◆ Your instructions ◆
Skip the pictures. Quote every line below, exactly, from the one with "the peony flower" through the final line.
Supplied information Start Marker
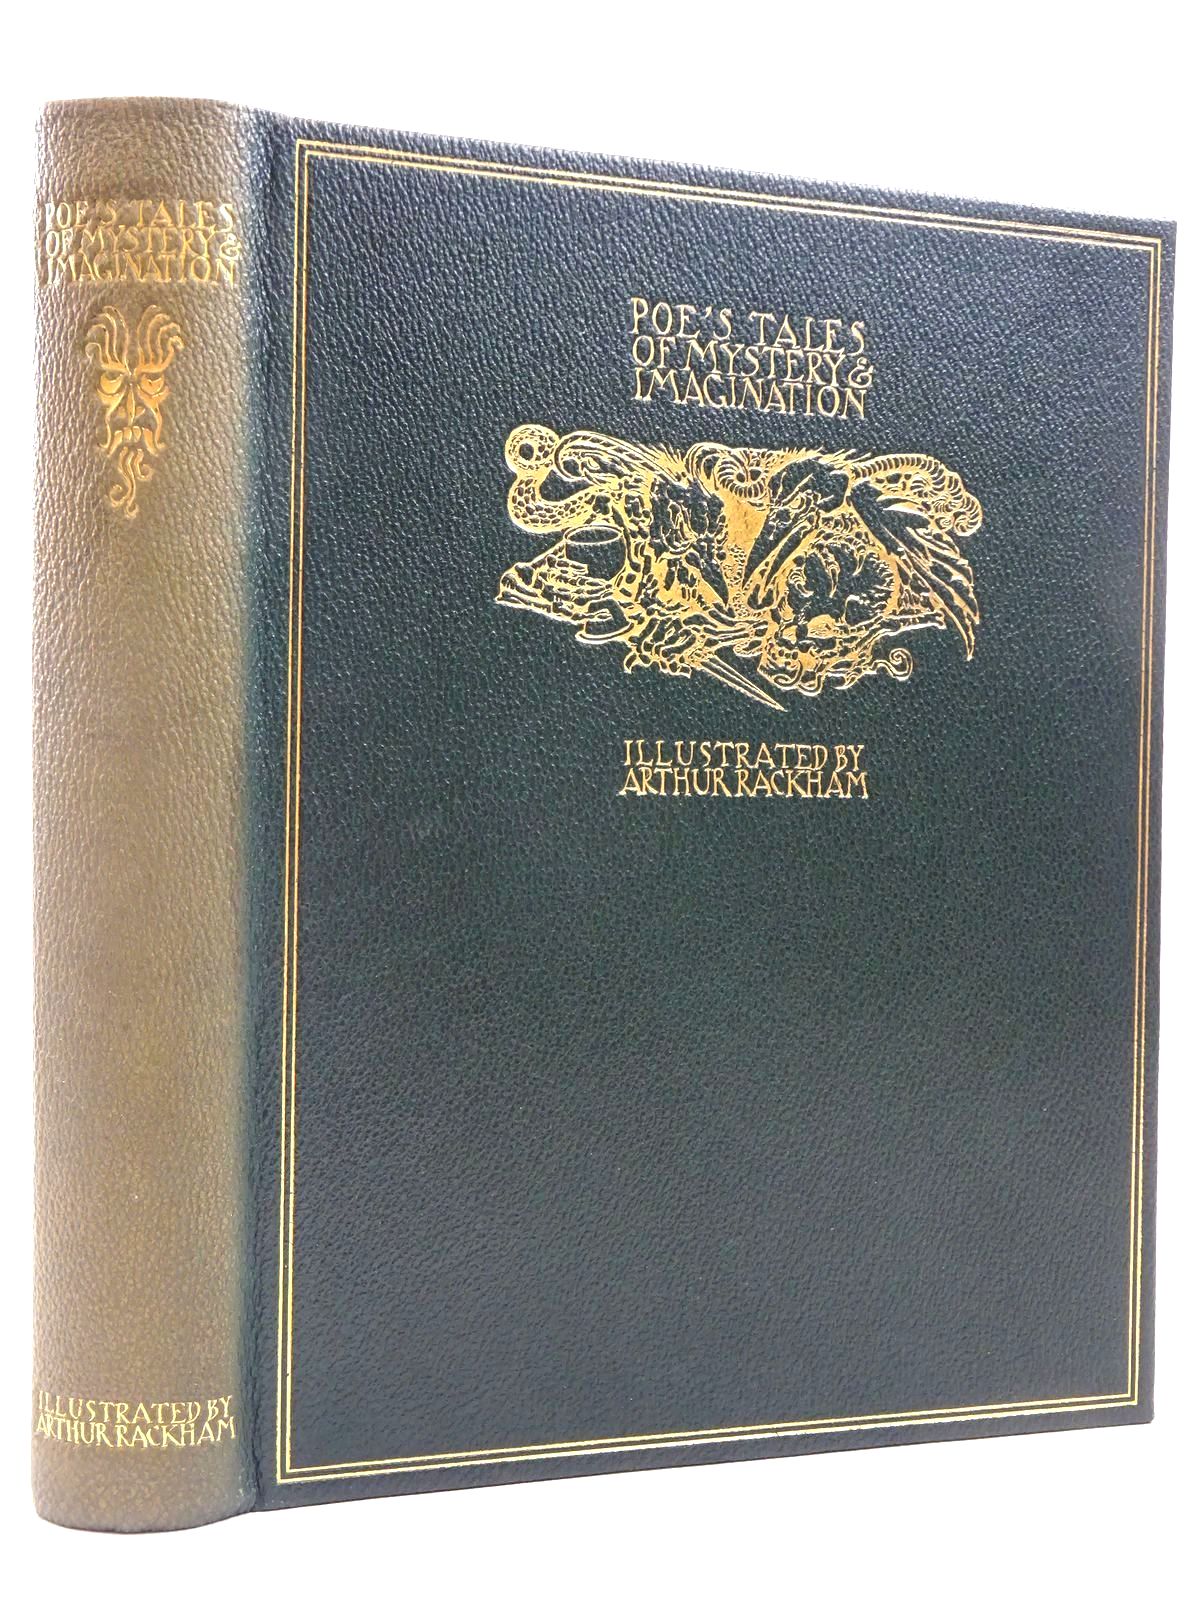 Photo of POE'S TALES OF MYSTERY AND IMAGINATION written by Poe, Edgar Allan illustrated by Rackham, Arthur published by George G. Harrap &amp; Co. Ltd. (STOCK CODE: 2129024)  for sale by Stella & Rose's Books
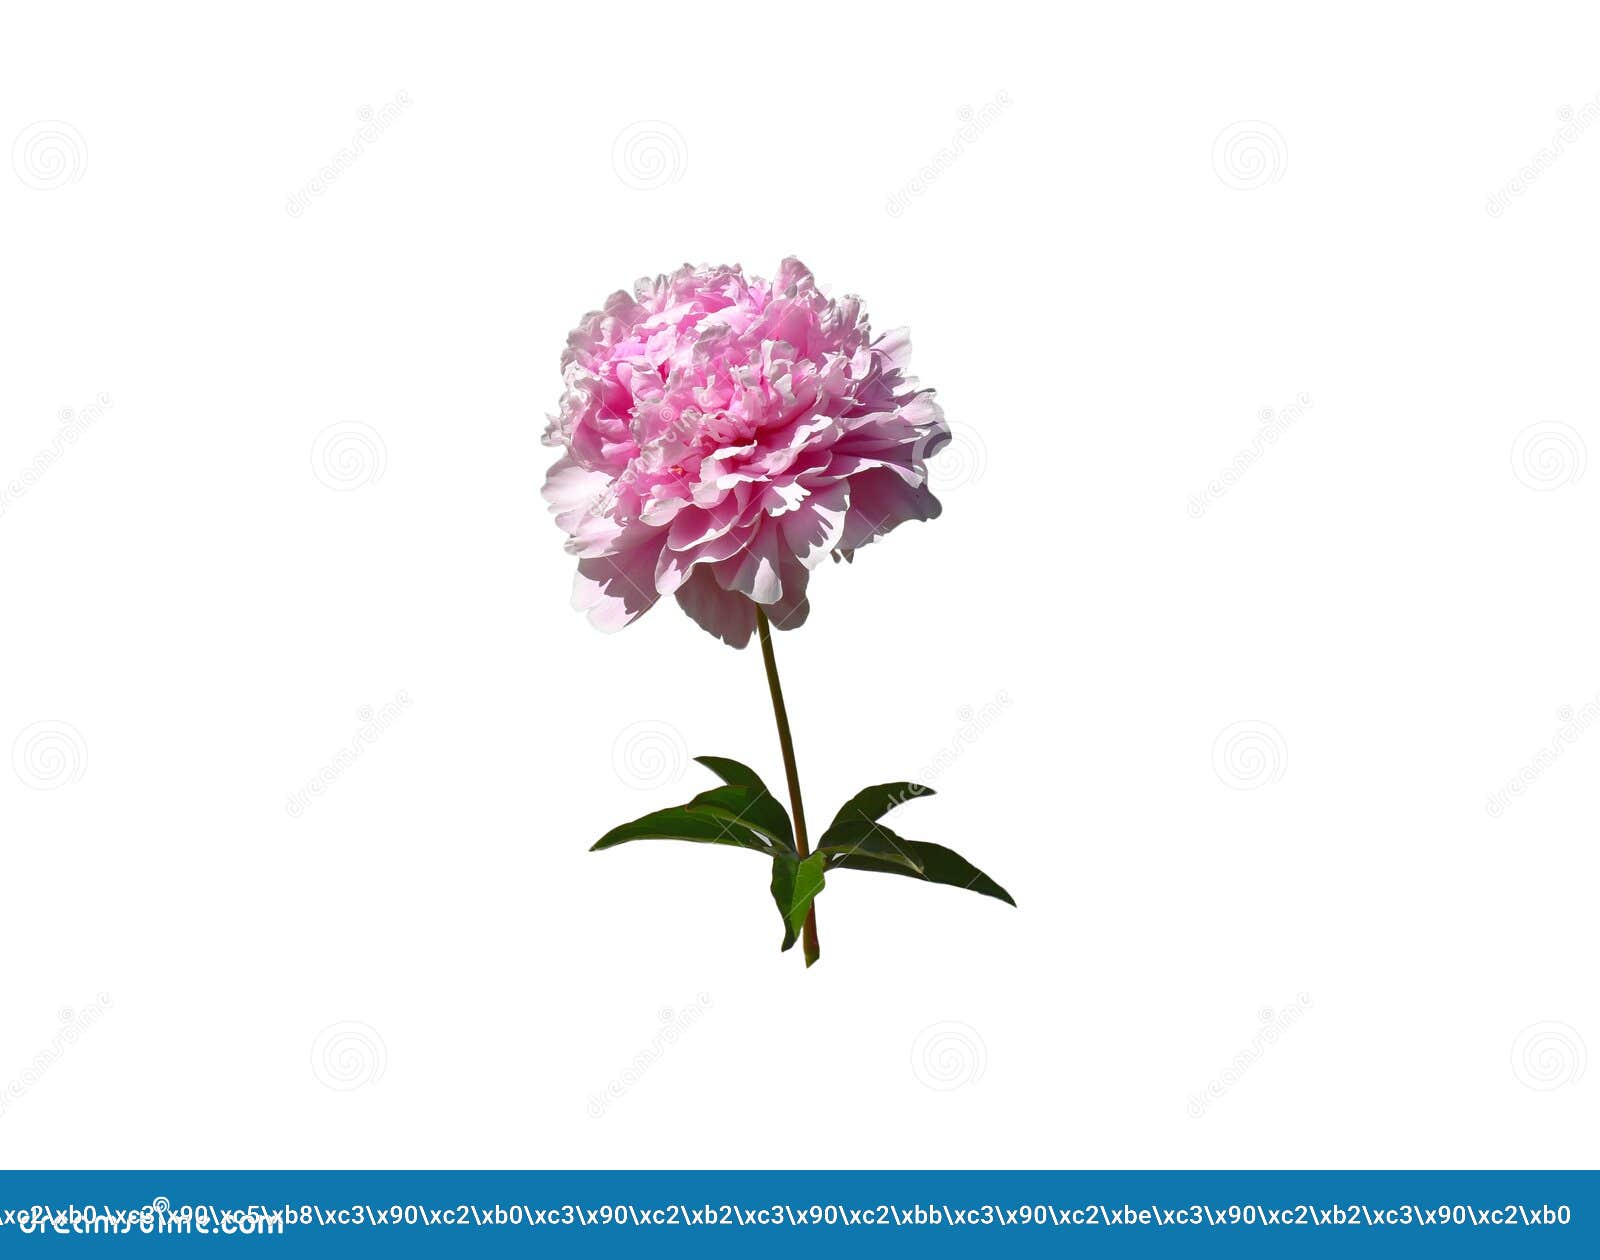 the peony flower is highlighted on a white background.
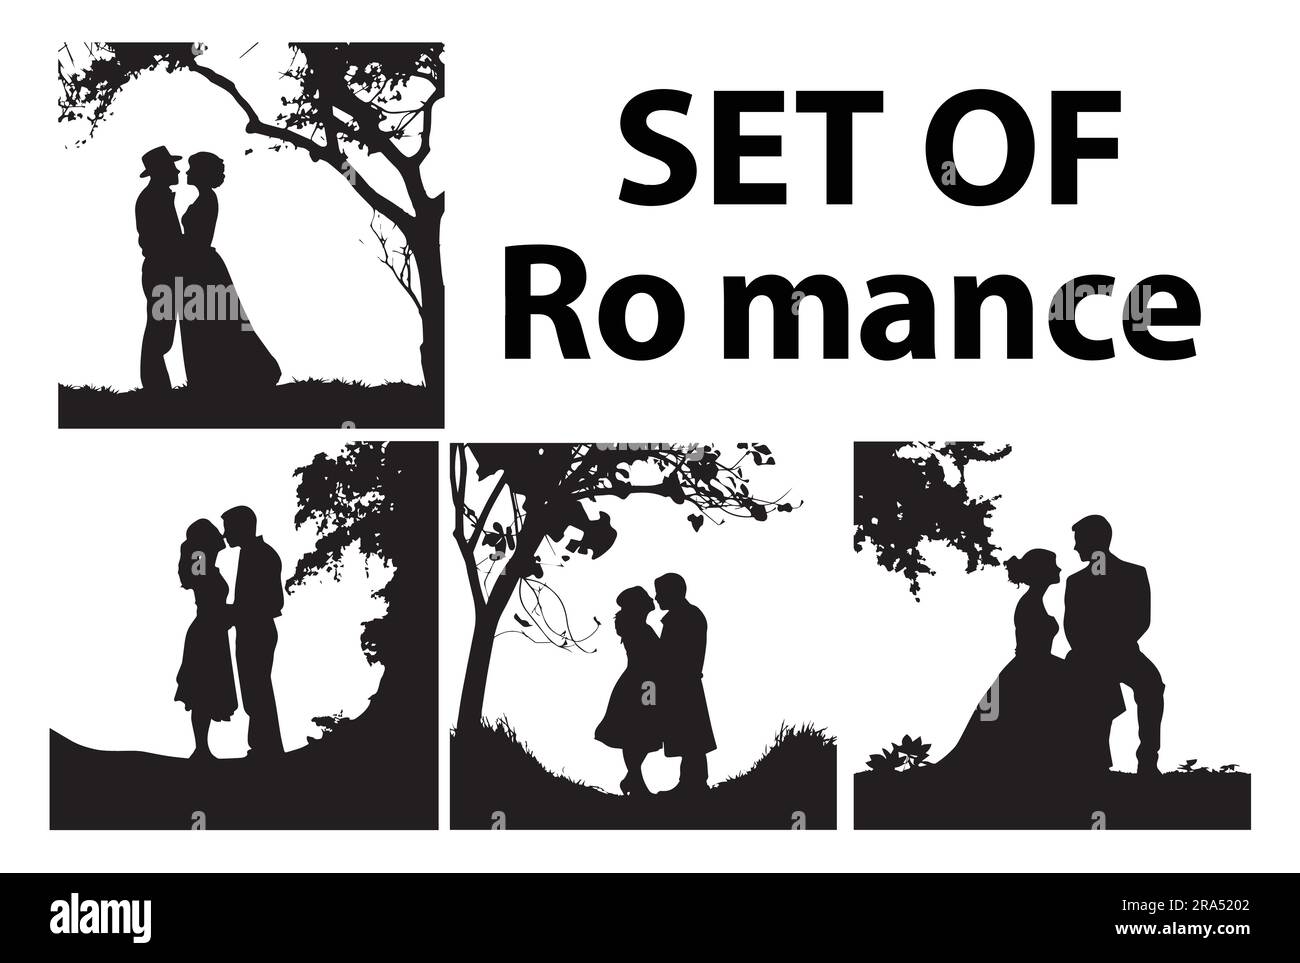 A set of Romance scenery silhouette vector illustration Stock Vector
Supplied information End Marker
◆ Written answer ◆
 the peony flower is highlighted on a white background.
 A set of Romance scenery silhouette vector illustration Stock Vector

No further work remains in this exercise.